I disagree. I think the economic collapse is coming in the fall. The government is stockpiling ammo to fight another civil war. Homeland Security alone has bought over a billion rounds of hollow point ammo. And no, you don't use hollow points for target practice.


----------



## BillS (May 30, 2011)

hunterseeker said:


> I'm in a position where I have 2 bug out locations to hunt / gather. Both are about the same distance away, but in different directions. But how long will my little pieces of land withstand the nourishment requirements?
> 
> How much is enough (land, water, food stores, etc.)?


I'd want a couple year's worth of food and water. You need to farm a few acres and try to grow at least twice as much food as you'll need. You need a root cellar to store your potatoes and other vegetables. You can use your hunting land to hunt birds and other small game for fresh meat. I don't think you could gather much edible food. Maybe some roots and berries but that's not a lot of food.

I'd want a couple year's worth of stored kerosene. I'd have kerosene cooking stoves and kerosene heaters. I don't like burning wood because the smoke would give you away.

There's an economic collapse coming but it's not going to be permanent. Eventually the government will regain control of the country.


----------



## *Andi (Nov 8, 2009)

BillS said:


> I don't think you could gather much edible food. Maybe some roots and berries but that's not a lot of food.


By now this should not surprise me but it does. :gaah:

Gathering edible plants requires skills. Not only must one know how to identify a plant, but also when & how to find it ... Then what to do with with it once you find it!

There is over 1000 species of wild edible plants just in the eastern U.S. Mother Nature has one heck of a garden.

:soapbox2:

I'm done now ...


----------



## DJgang (Apr 10, 2011)

*Andi said:


> By now this should not surprise me but it does. :gaah:
> 
> Gathering edible plants requires skills. Not only must one know how to identify a plant, but also when & how to find it ... Then what to do with with it once you find it!
> 
> ...


Idea! Exactly what we need to be studying in science! I mean, we as the kids science .... I'm off to figure this venture out! Why didn't I think of that before, thanks!!!


----------



## NaeKid (Oct 17, 2008)

hunterseeker said:


> I've seen so many comments about having your own acreage for hunting / gathering. I've also seen and heard recommendations on how much to store back for SHTF. With the zombie apocalypse nowhere in the foreseeable future, but having insane / stupid world leaders that might accidentally push that red button, how much is enough?
> 
> I'm in a position where I have 2 bug out locations to hunt / gather. Both are about the same distance away, but in different directions. But how long will my little pieces of land withstand the nourishment requirements?
> 
> How much is enough (land, water, food stores, etc.)?

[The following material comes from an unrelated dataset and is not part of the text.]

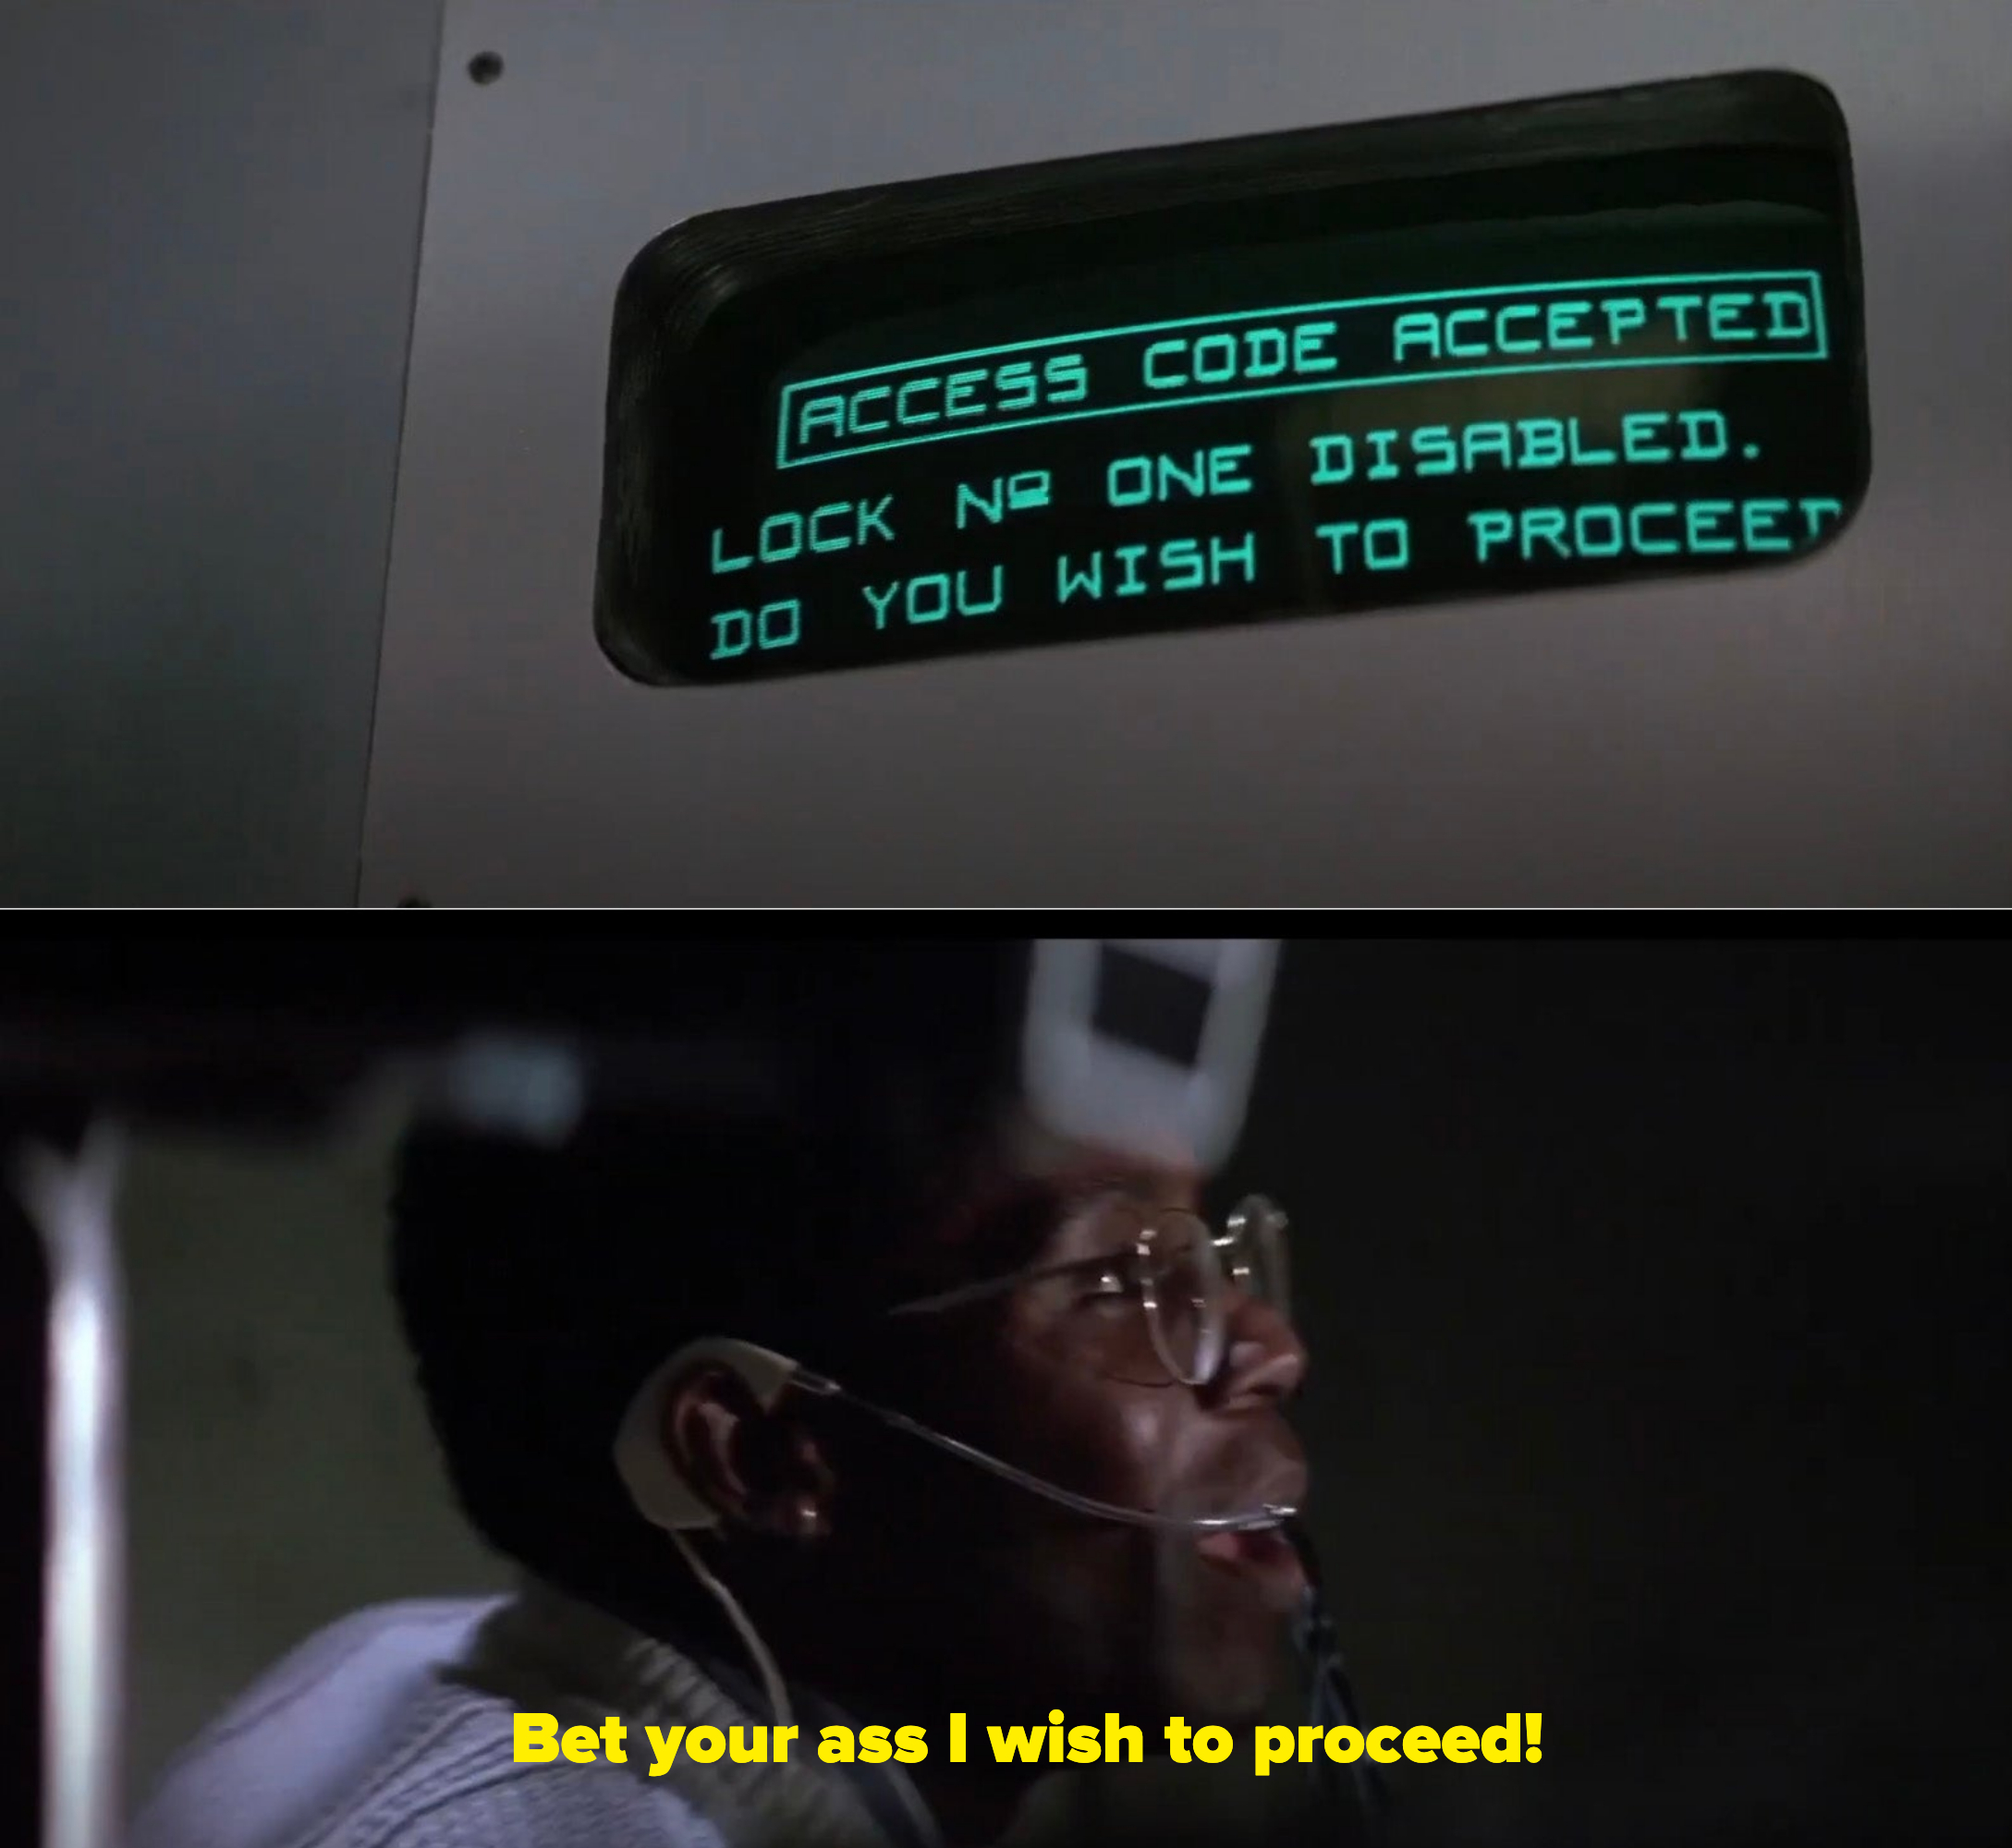 &quot;Bet your ass I wish to proceed!&quot;

Your best bet for a location would have several things easily available - water, land and protection.

Water is best if it is flowing, so, a stream or spring would be a perfect start.

Second is the amount of land. Personally, I feel that the amount of land that you would want / need is what you can easily walk the perimeter in a half-day or less - checking the fence, trap-line, tree-stands. For most people, between 10 and 25 acres of land would be best. Too much or too little will hamper your abilities.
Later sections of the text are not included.